The 1996 National Championship Alumni took on other alumni on Saturday afternoon at Hillenbrand Stadium. The 96 team, anchored by softball assistant coach and former player Nancy Evans, defeated the other alum 8-1.
    JAKE LACEY / Arizona Daily Wildcat The 1996 National Championship Alumni took on ‘other’ alumni on Saturday afternoon at Hillenbrand Stadium. The ’96 team, anchored by softball assistant coach and former player Nancy Evans, defeated the other alum 8-1.

    The Arizona softball program has produced several elite All-American pitchers, most recently the Wildcats’ senior, 127-game career winner Alicia Hollowell, as well as current assistant coach Nancy Evans, who won 124 games for Arizona from 1994-1998.

    But sandwiched directly in the middle of Evans and Hollowell, playing for the Wildcats from 1999-2002, is Jennie Finch.

    Along with three other Wildcat alumni and fellow Olympians, Finch will be honored Friday with one of the quartet throwing out the ceremonial first pitch.

    Finch, 25, is arguably one of Arizona’s most famous alums. She is known throughout the softball world as being one of the premier pitchers of the recent past, and off the field she has achieved more fame than any other softball player in history.

    “”It’s really flattering,”” Finch said. “”It’s pretty cool. I’m so blessed to be able to be a professional athlete and make a living that way.””

    “”Jennie is a very pretty girl,”” Arizona head coach Mike Candrea said. “”So I think some of her notoriety is due to her good looks, but most of that notoriety is because she is such a great athlete.””

    She was recruited from La Mirada High School in La Mirada, Calif., where she played basketball, volleyball and softball. Her high school numbers made her the most heavily recruited player out of high school in 1998, and Finch was well on her way to pitch for one of the most storied college softball programs.

    “”She had a great career,”” Evans said. “”We’ve had a long legacy of great pitchers at Arizona, and she added to that. The great thing about Arizona tradition is that we have great pitchers that come in, work hard and do well, and she definitely added to that list.””

    It is debatable whether Finch helped Arizona bring in more elite softball players since her arrival in 1999, but both Evans and Candrea feel that she was the main attraction.

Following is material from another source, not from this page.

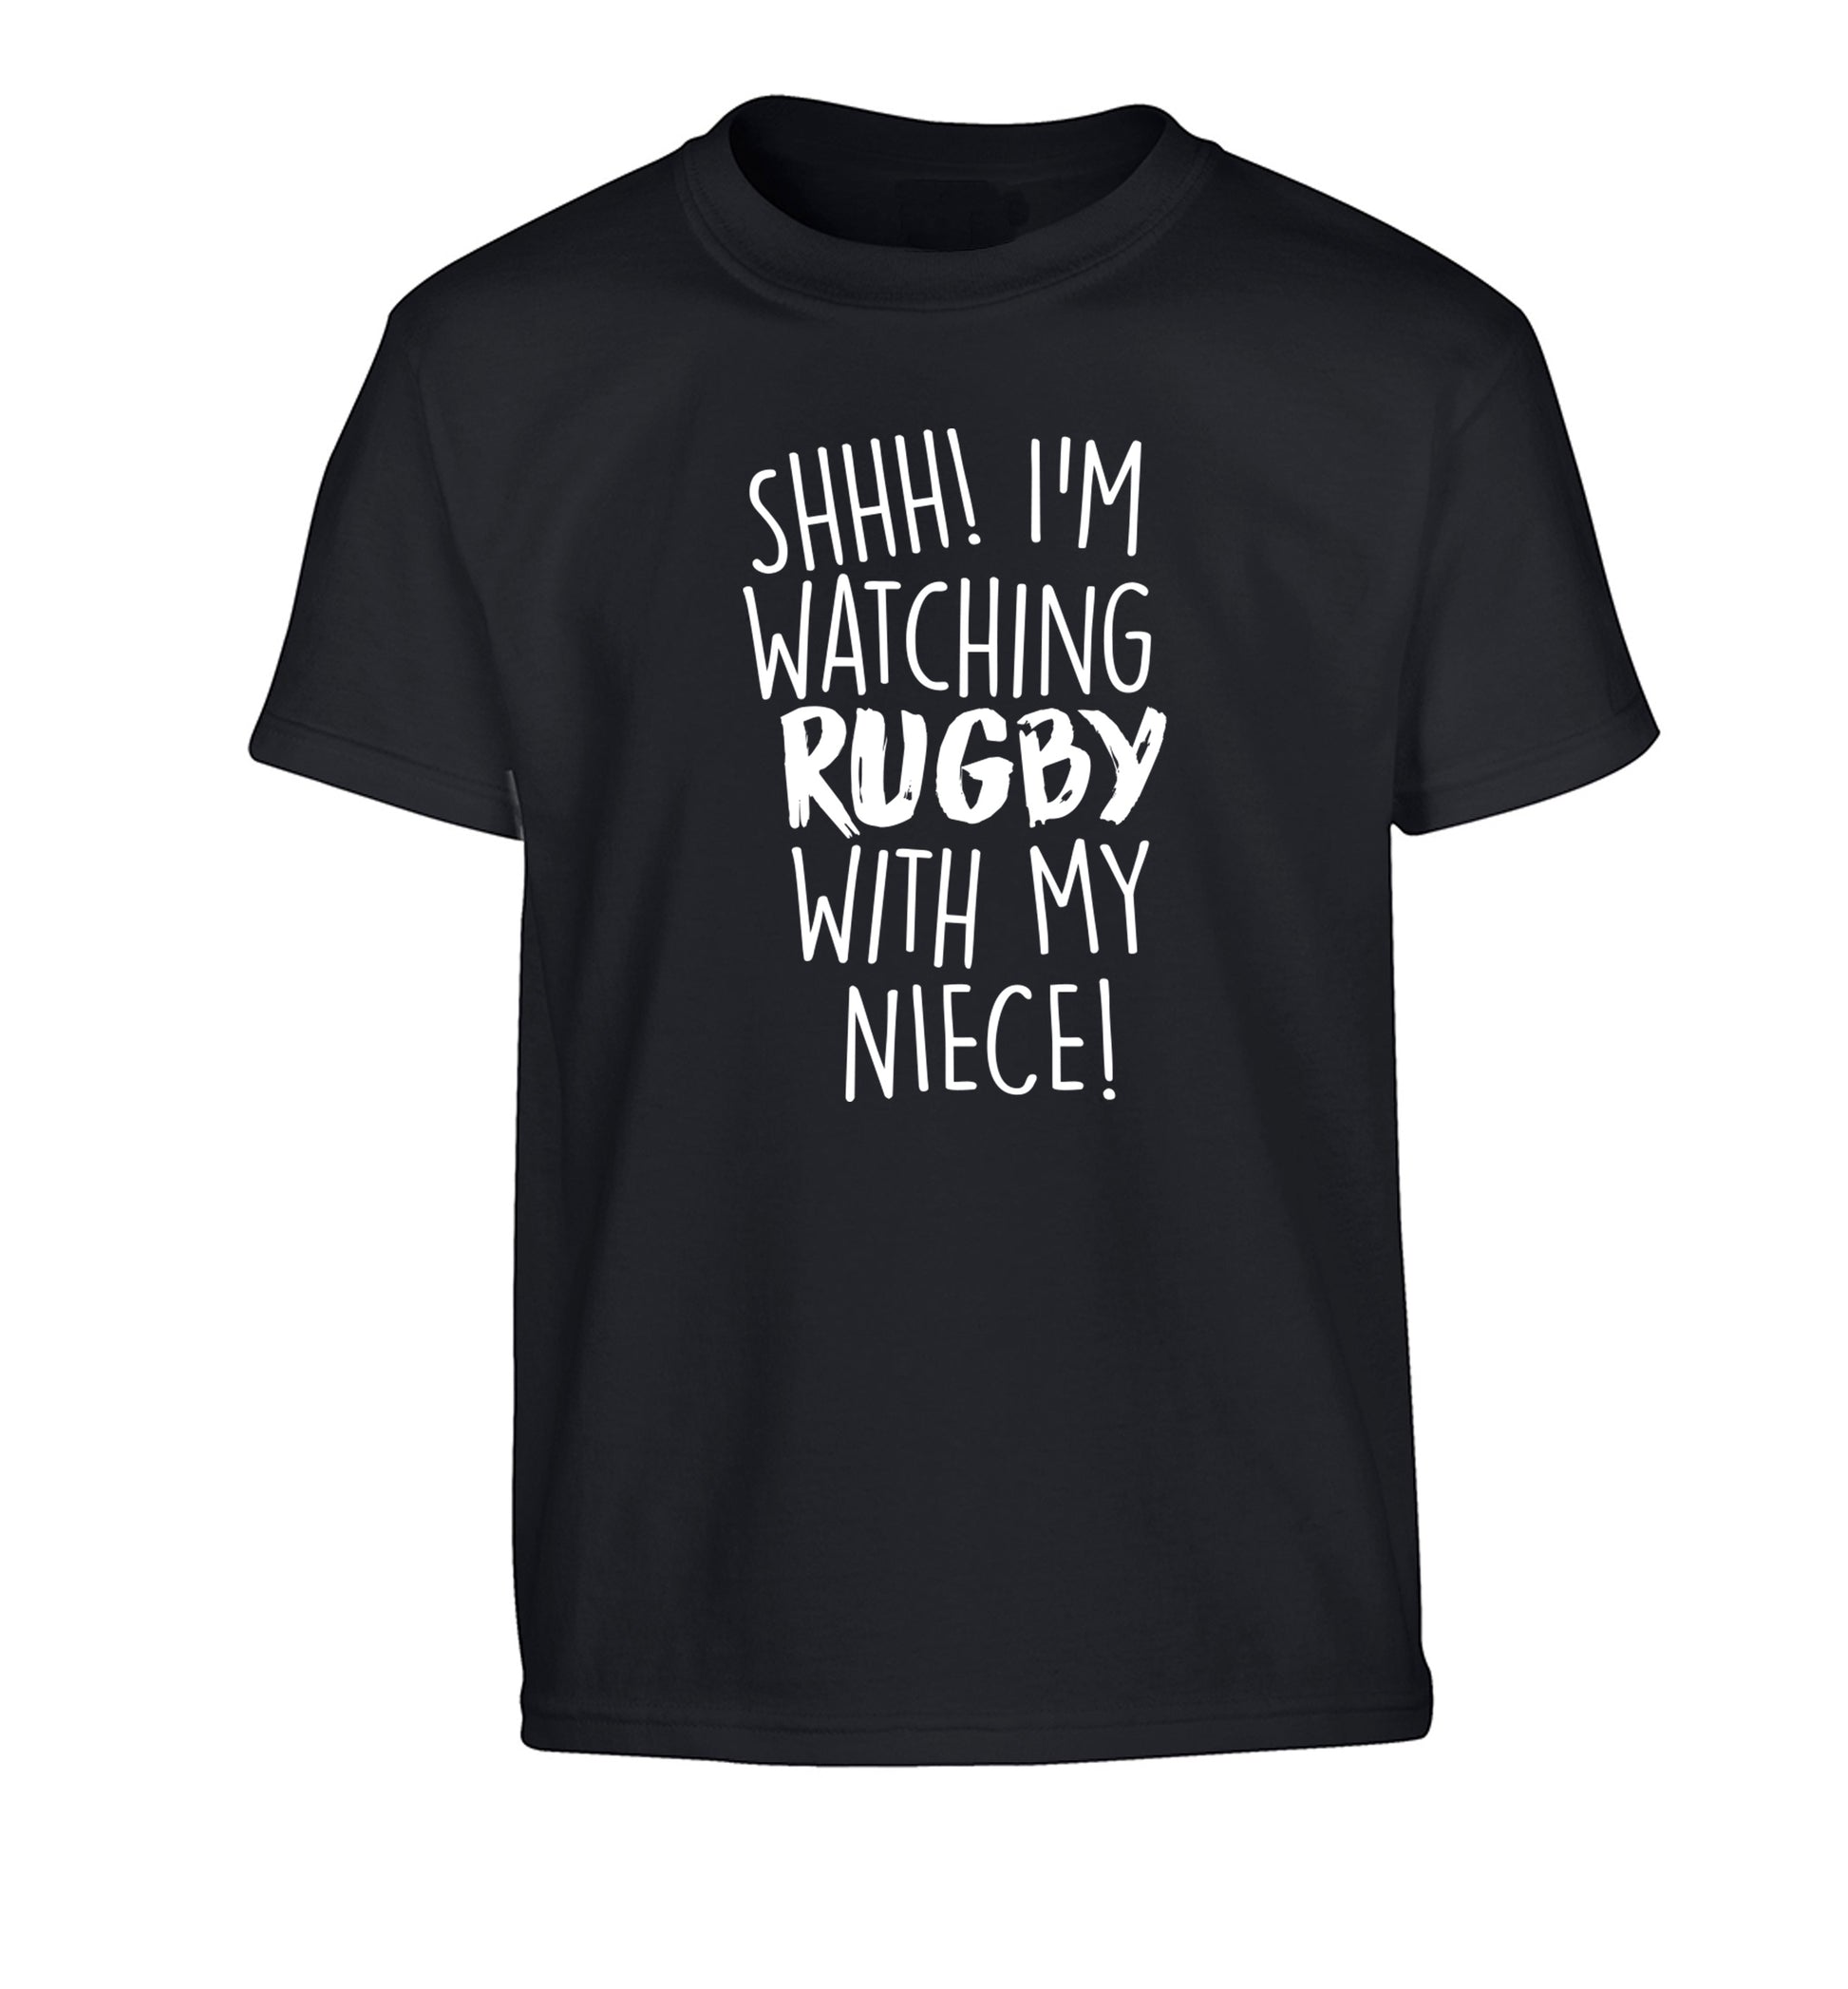 Shh.. I'm watching rugby with my niece Children's black Tshirt 12-13 Years

    “”She helped Arizona stay at the top so we could continue to add to that list,”” Evans said.

    Candrea recognized Finch’s presence at Arizona but also mentioned that the team around Finch was a very storied team.

    “”Having someone like Jennie brought notoriety to Arizona,”” Candrea said. “”But it was the teams that had won the national championships, and that was what put them on the map.””

    I’m hoping to play in the 2008 Olympics in Beijing.

    – Jennie Finch
    former Wildcat pitcher

    Finch started her college career off with a bang, leading the Wildcats to the NCAA Women’s College World Series in her freshman year. The team lost, but the pitcher still posted 24 wins, which was second to her teammate Becky Lemke’s 25 wins as a freshman in 1998, and she even threw a no-hitter in NCAA regional play.

    After posting dominant pitching statistics, Finch also led her team at the plate with 14 doubles and 21 extra base hits and finished second with seven home runs.

    Her sophomore year brought more good fortune for Arizona on the mound as well as at the plate when she led the team with a .370 Pacific 10 Conference average and had a 14-game hit streak, the high for the conference that year. Finch also started to play first base during her sophomore year beside posting three no-hitters in the NCAA Regional Final.

    In her junior year, the trend of good pitching, hitting and playing first base continued as she led the Wildcats to the NCAA Women’s College World Series. She was by far the most dominant overall player in collegiate softball in 2001, as she finished the season with a 32-0 pitching record, which established the NCAA record. She won the Honda Softball Award as the National Player of the Year as well as receiving the Most Outstanding Player honors after posting a 3-0 record the World Series.

    Finch’s other awards that year included first-team All-America honors and the 2001 Pac-10 Pitcher of the Year.

    “”Jennie had a phenomenal college career,”” Candrea said. “”She gained a lot of notoriety and since has been a tremendous ambassador to our program. It doesn’t hurt to have a good spokesman who was also such a good ambassador for us.””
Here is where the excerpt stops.